In Monster Culture: (Seven Theses), Jeffrey Jerome Cohen offers a reading of monsters as symbolic constructs that embody specific cultural moments, difference made flesh. They appear to us as grotesque spectacles that trouble the borders of existence such as: the animate corpse, a man-eating plant, or a murderous child. Monsters surface frequently in Magic: the Gathering on the cards that players collect and construct decks with. A highly developed mythos informs the game that is set in the Multiverse: a macrocosm comprised of countless planes of existence, where a dazzling array of beasts and horrors abound. In 2010, Wizards of the Coast (the game maker) introduced a new creature into the lore, the most terrifying and improbable species in the entire Multiverse. But what would the monster par excellence look like and behave in a world where monstrosity reigns, where demons, giants, and dragons are everyday occurrences? Enter Magic’s interpretation of the symbolic Other: the Eldrazi Titans and their progeny. They are transgressive not only in their creature design and visual appearance, but in their unique interactions within actual gameplay.

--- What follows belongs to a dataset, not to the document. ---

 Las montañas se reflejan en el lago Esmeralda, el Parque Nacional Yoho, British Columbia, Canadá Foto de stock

The Monster of monsters do not resemble or act like any other Magic cards previously printed. Unlike werewolves and vampires the Eldrazi have little in the way of cultural context. All Eldrazi descend from three massive primordial Titans, Ulamog, Kozilek, and Emrakul, who live to consume, but are never satiated. Their very presence dissipates reality and inspires madness. The Eldrazi creature design pays homage to the works of John Bottin, H.P. Lovecraft and H.R. Giger: they are simultaneously humanoid and alien, skittering insects with tentacles or dozens of eyeballs, floating appendages, uterine canals, bulbous flesh sacks and exoskeletons.

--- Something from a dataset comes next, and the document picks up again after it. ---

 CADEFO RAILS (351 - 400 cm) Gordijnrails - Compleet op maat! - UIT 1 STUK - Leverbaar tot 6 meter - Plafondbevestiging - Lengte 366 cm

But what truly distinguishes the Eldrazi from their monstrous cohorts is how their abject form is represented in the mechanics of the game. The cards themselves subvert normal gameplay with unique Eldrazi abilities, in particular their status as Devoid, or colorless. Magic: the Gathering’s philosophical framework is constructed around the color wheel. White represents organization, Blue symbolizes logic, Red refers to impulse, Green to instinct, and Black to self-concern. Within those terms, the colorless Eldrazi are defined by their lack, their monstrous ambiguity. Monsters threaten both individuals and “the cultural apparatus through which individuality is constituted and allowed.” (Cohen, 12). The very existence of colorless Eldrazi defy categorical definition.
The Eldrazi are Wizards of the Coast’s attempt to render abjection within Magic’s core game mechanics. The illustrative paper cards, though enchanting, are mere pieces within the true medium of the game: the abstract rules structure communicated through the text of those cards. The meat is in the interactions, which the Eldrazi uniquely disrupt.
Affects of play mechanics
Hey Hannah, great post, thanks for getting this week started. What is so interesting to me about how you construct the Eldrazi is how abjection is so perfectly communicated within the game when playing, for example, one of the titans. There's just this really great connection between the aesthetic of the art and the storyline that accompanies the game that is rendered so well when one of these creatures hits the table. And, I'm not sure I ever feel that same way with the other types you describe, or at least it isn't so overwhelming to the point where you want to concede immediately. It would be really interesting to think about which gameplay mechanics, more generally, elicit particular affects because I think your post perfectly captures the feeling of this one. I'm just thinking out loud but I'm wondering if you think this could be extended to other mechanics or deck archetypes like burn, or control, etc.?
Hi Adam, Thanks for your
Hi Adam, Thanks for your question! The short answer is absolutely, Wizards of the Coast intentionally designs mechanics with affectation in mind. Just off the top of my head--for Werewolves on the plane of Innistrad, for example, Wizards created double-sided cards, which start off as Human creatures and then "flip" into Werewolves when no significant action is taken during a turn, representing the stillness of nighttime. You also mentioned control decks, or decks that fall under the archetype of controlling mechanics that constrict potential actions an opponent can take in a game. The primary goal of control decks is to control the tempo of the game to establish an inevitable outcome where the control player wins. What's interesting here is that a TON of mechanics fall under this mantle of "control" that also bleed over into different archetypes, and there are different types of control decks that don't look or perform like each other at all. At the competitive level, Magic players attempt to eschew affectation. The goal is to win, and aesthetics don't matter.